Через Днестр мы переправляемся под проливным дождем. Он по-летнему теплый. Пахнут дождем наши гимнастерки, которые столько дней жарило солнце. Теперь дождь вымывает из них соль и пот. Пахнет просмоленная дощатая лодка, сильно пахнет река. И нам весело от этих запахов, оттого, что мы гребем изо всех сил, до боли в мускулах, оттого, что соленые струи дождя бегут по лицу.

На плацдарме, теперь уже далеко от нас, всходят в дожде ракеты, свет их туманен. Хлещут синие молнии, ослепительно отражаясь в воде. Мы гребем спиной к тому берегу, лицами — к плацдарму. Он все больше отдаляется от нас и как бы опускается за воду. И чем дальше отплываем мы, тем меньше кажется он издали, наш плацдарм. Но скольких жизней стоил иной метр его…

— Зальет ребят! — кричу я.

Васин из-за плеча поворачивает ко мне мокрое, веселое лицо, в которое хлещет дождь.

— Просохнут!

Лодка скребет по песку. Мы выпрыгиваем в воду, вытягиваем лодку носом на берег.

— Искупаемся?

Мокрые, сидя на мокром песке, стаскиваем через головы гимнастерки, а дождь шлепает нас по спинам. Из всего, что есть на мне, только партбилет не промок: он в прорезиненной обертке от индивидуального пакета. Я закатываю его в гимнастерку. Васин тянет у меня с ноги сапог и вместе с сапогом везет меня по песку, и мы оба хохочем. Потом он, голый, мускулистый, скачет на одной ноге, срывая с другой мокрые брюки. Рядом с ним я — худой и длинный, и я немного стесняюсь этого: ведь я же лейтенант. Мы пробегаем по лодке, раскачивающейся под ногами, и один за другим прыгаем головами вниз в черную воду. Ух ты! Даже дух захватывает — так хорошо! Когда я выныриваю из глубины, рядом отфыркивается Васин, трясет круглой головой, а река вся залита зеленым светом ракеты. Что-то холодное скользит у меня по животу, обвивает ногу. Вздрогнув от гадливого чувства, ныряю. Водоросли! Мягкие, шелковистые. Я кидаю ими в Васина, он кидает в меня, и, брызгаясь и смеясь, расплываемся и разные стороны. Только вырвавшись с плацдарма, чувствуешь, как же хорошо жить на свете! А с берега, из окопов, что-то кричат нам приглушенными голосами. Кажется, злятся.

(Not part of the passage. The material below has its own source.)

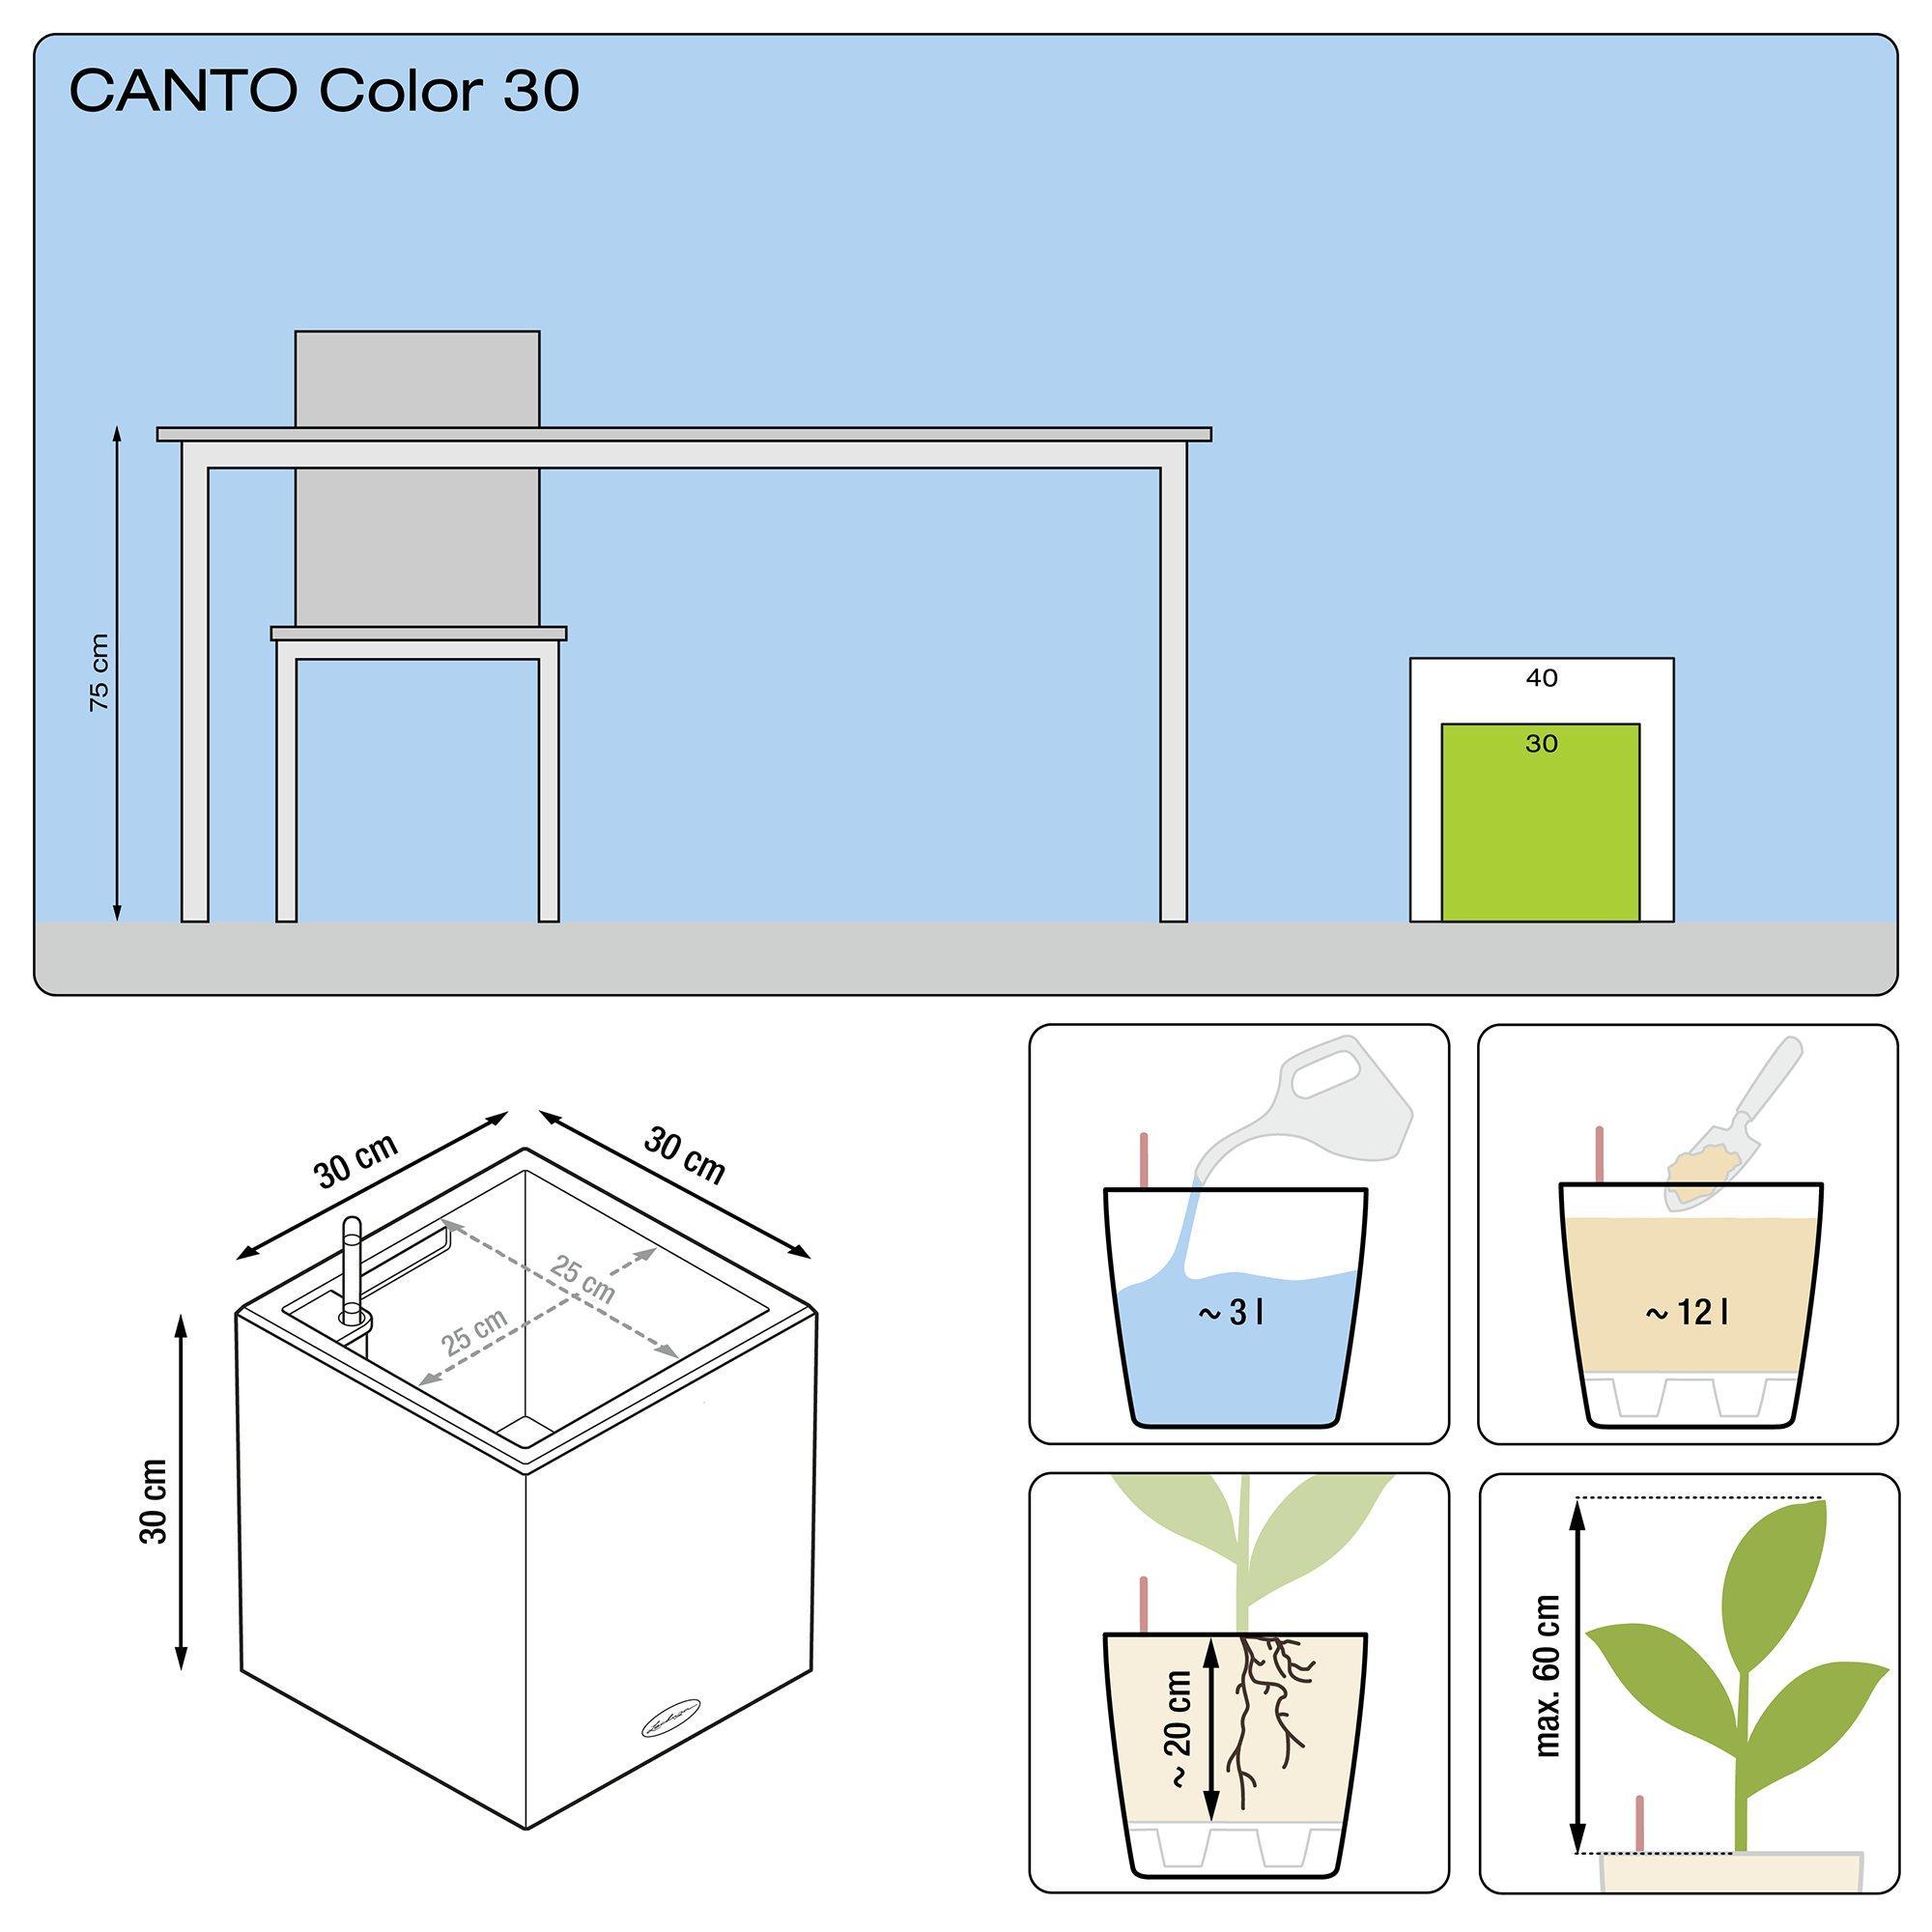 CANTO Color cubo 30 beige arena - Imagen 3

Захватив под мышки сапоги, гимнастерки, брюки, мы босиком бежим по песку вверх. Спрыгиваем в траншею. И, сидя на корточках, в одних трусах, курим. От мокрых пальцев наших цигарки шипят. У Васина на мокром теле то вспыхивают и разгораются, то гаснут капли воды. А вокруг стоят пехотинцы и лейтенант, все в плащ-палатках, в капюшонах, голоса у них недовольные.

— Ну чего крик подняли? Он тут на голос бьет!

Я подмигиваю Васину, и мы оба хохочем. «На голос бьет!» А с их сумрачных капюшонов на наши голые спины капает вода. У этих ребят, обороняющих траншеи за Днестром, здесь — передовая. Кто ж для них тогда мы, переплывшие с плацдарма? Смертники? А ведь для пехоты, сидящей на плацдарме, наш НП, расположенный метрах в ста позади них, — тыл.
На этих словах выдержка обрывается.